In all test cases, the re-route of critical nets with No-SADP layers shows a good reduction of both the WNS and the TNS. We added the new feature post-CTS and we ran the same routing flow both in baseline and featured flows, which means that the cell density should remain the same before and after the route, as we perform net re-routing without any additional optimization, i.e., without added buffers, inverters, or cell sizing. Table 6 shows the cell density before and after the route, and Table 7 shows the buffer-inverter cell count in the initial database and in the routed database for each test case. The objective of this article is to demonstrate that we can improve timing by simple global-route net re-routing. We show here that the post-route optimization can absolutely be simplified, especially due to less TNS. The intent at the end is to have this feature native in the global route.

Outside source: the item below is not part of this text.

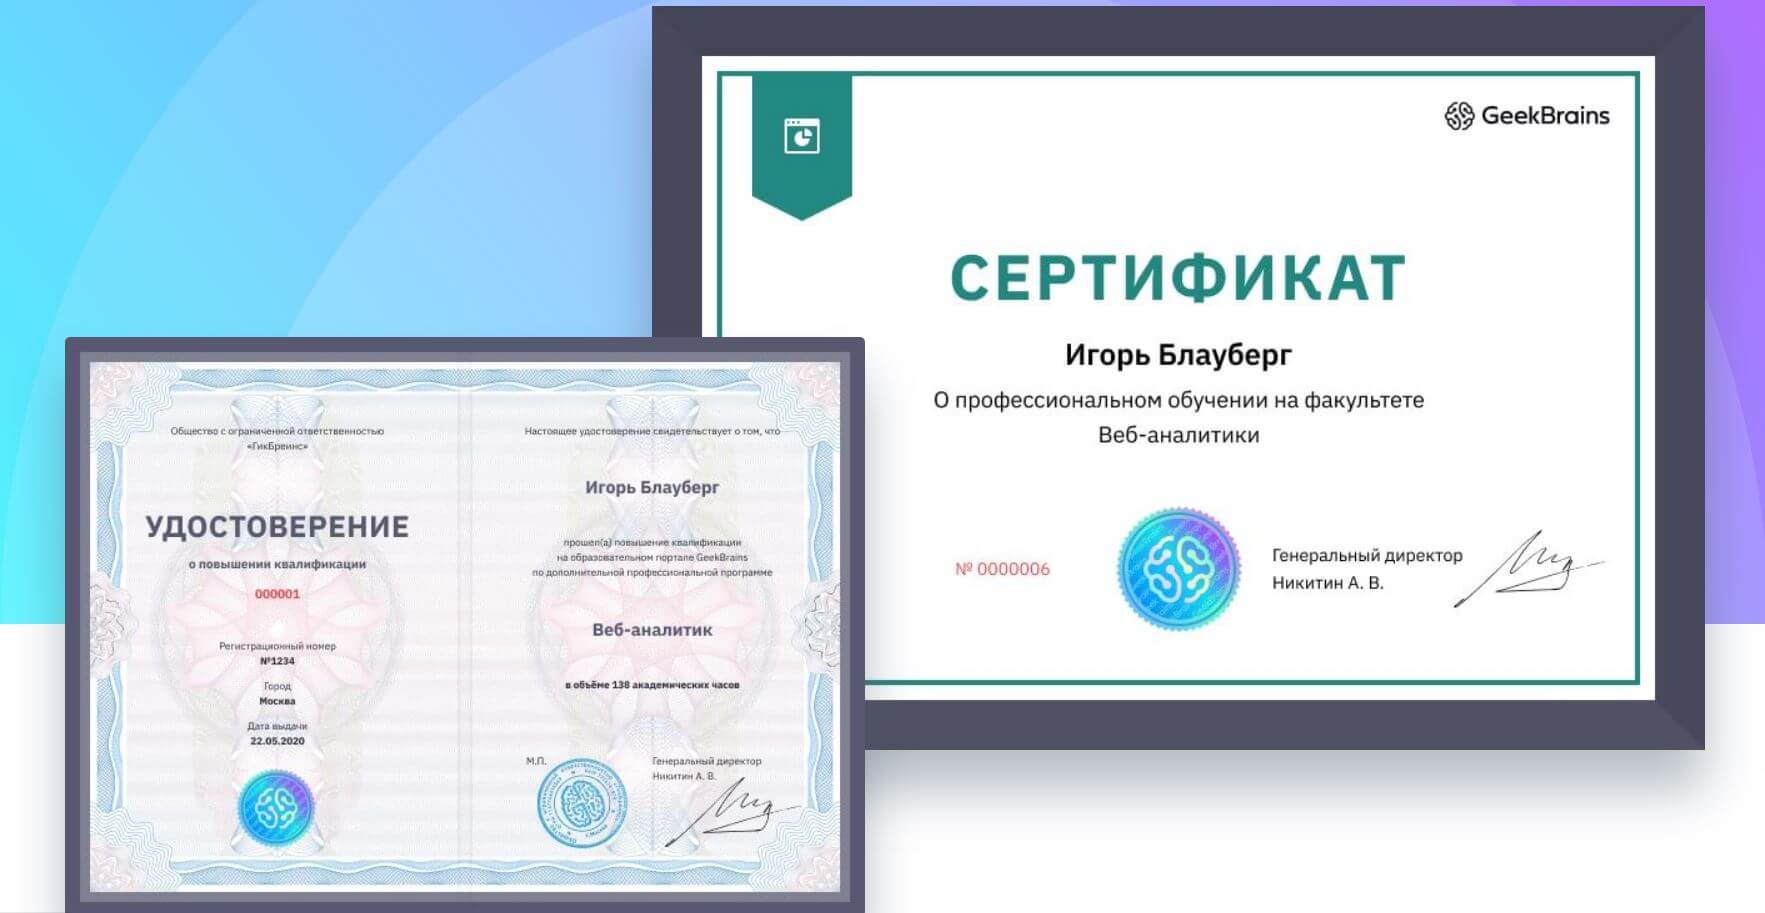 Как выглядит диплом или сертификат GeekBrains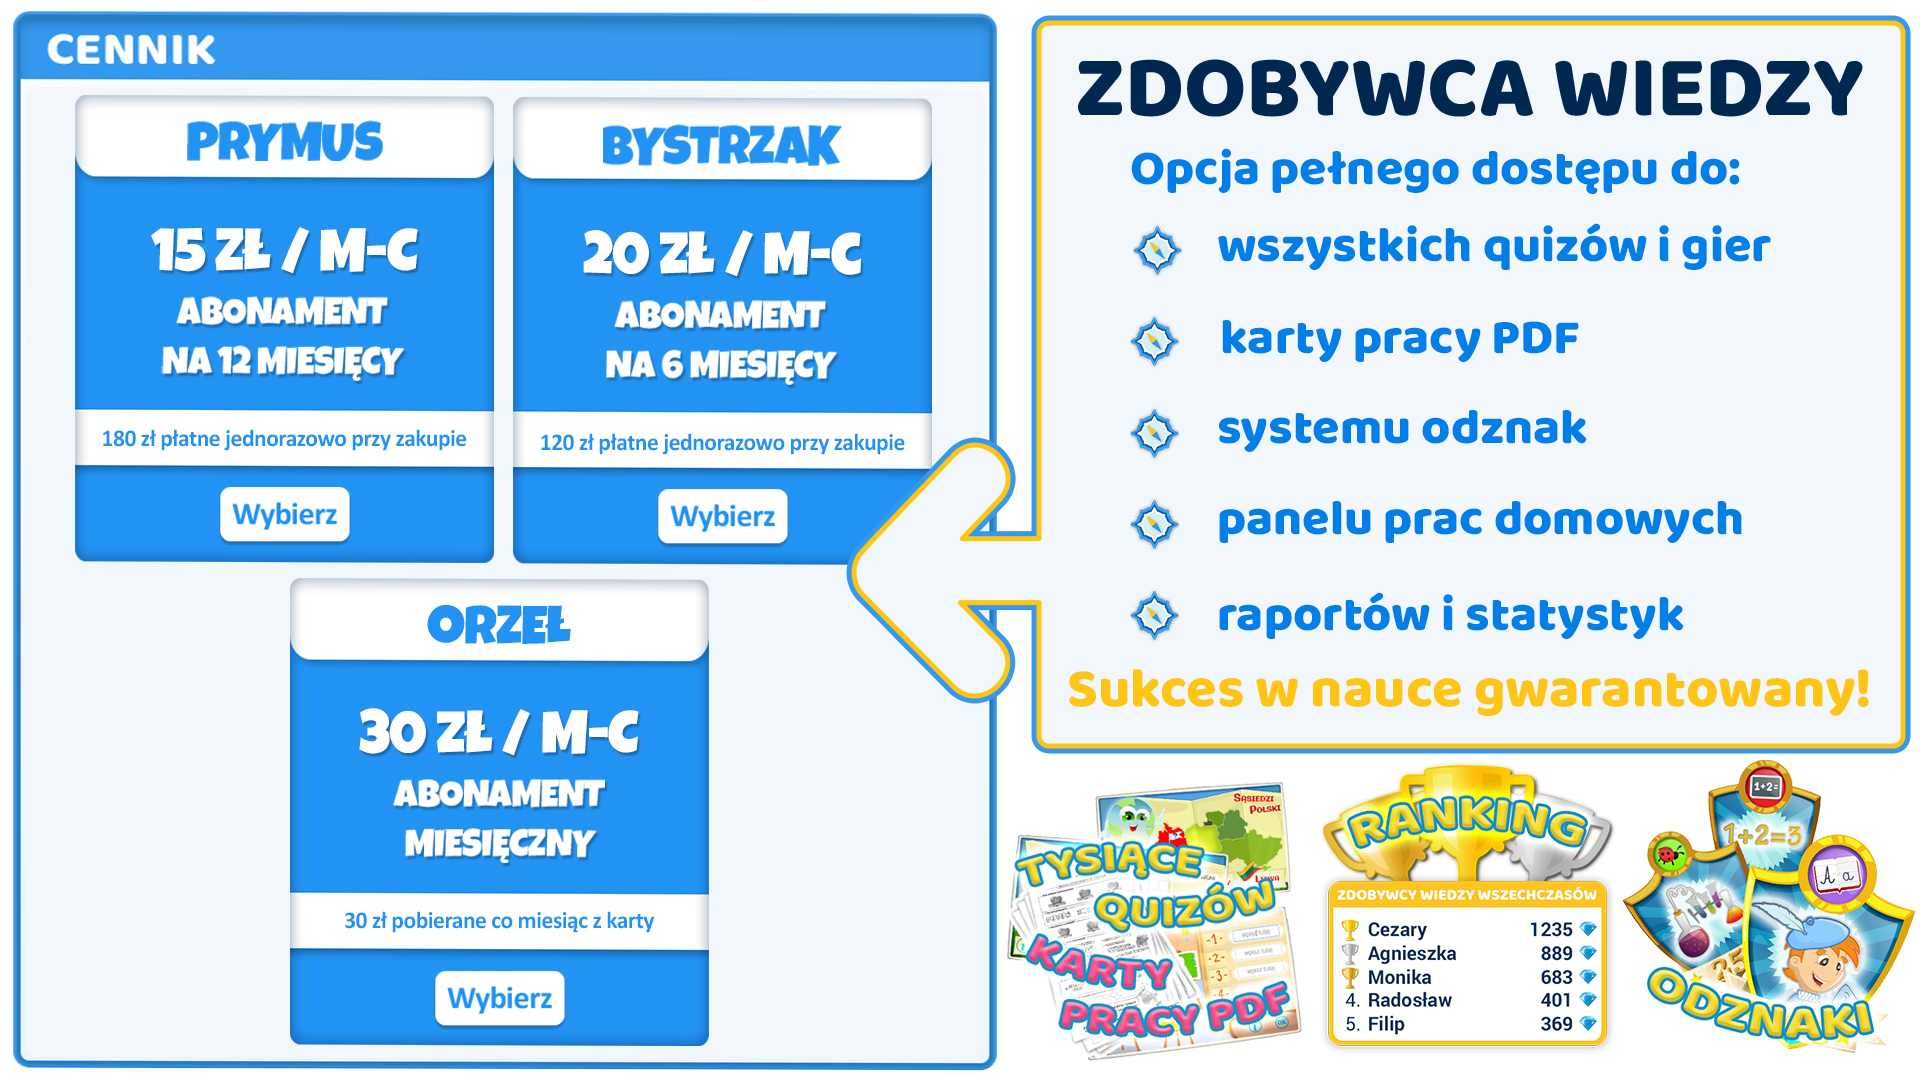 Rysunek pokazujący wszystkie możliwości korzystania z platformy ZdobywcyWiedzy.pl po wykupieniu abonamentu

For the case "Design#6", we have completed the full PNR flow by performing post-route optimization to see how much this new feature can help on closing the timing. In Table 8 , the final post-route timing becomes close to be met. 
Conclusions
In advanced technology nodes, timing and routability convergence becomes a difficult task that complicates a physical designer's work. As the goal of a place and route tool is to natively support all new rules and new process features in these technology nodes and allow for an automatic design closure, new optimization techniques should be developed in all implementation flows. One of these techniques that leads to an important WNS and TNS improvement is the wire optimization. Such a feature reduces net delay by a simple critical net re-routing. This has been proven in a first-use case study; the net delay was reduced by 50%, and the worst negative slack (WNS) by 64%. Moreover, this optimization was performed and validated on six designs with different characteristics and complexities; the WNS and TNS were improved up to 13% and 56%, respectively. None of these transformations impact area utilization.
At the end, interconnect RC delay is an open research area that still requires, among other things, wire length reduction, and wire and via optimization through their resistances and capacitances. All of this work must be done for each new tech node by supporting all new features that are natively inside an EDA tool, so that allow implementation engineers can focus more on the design itself instead of the performance closure.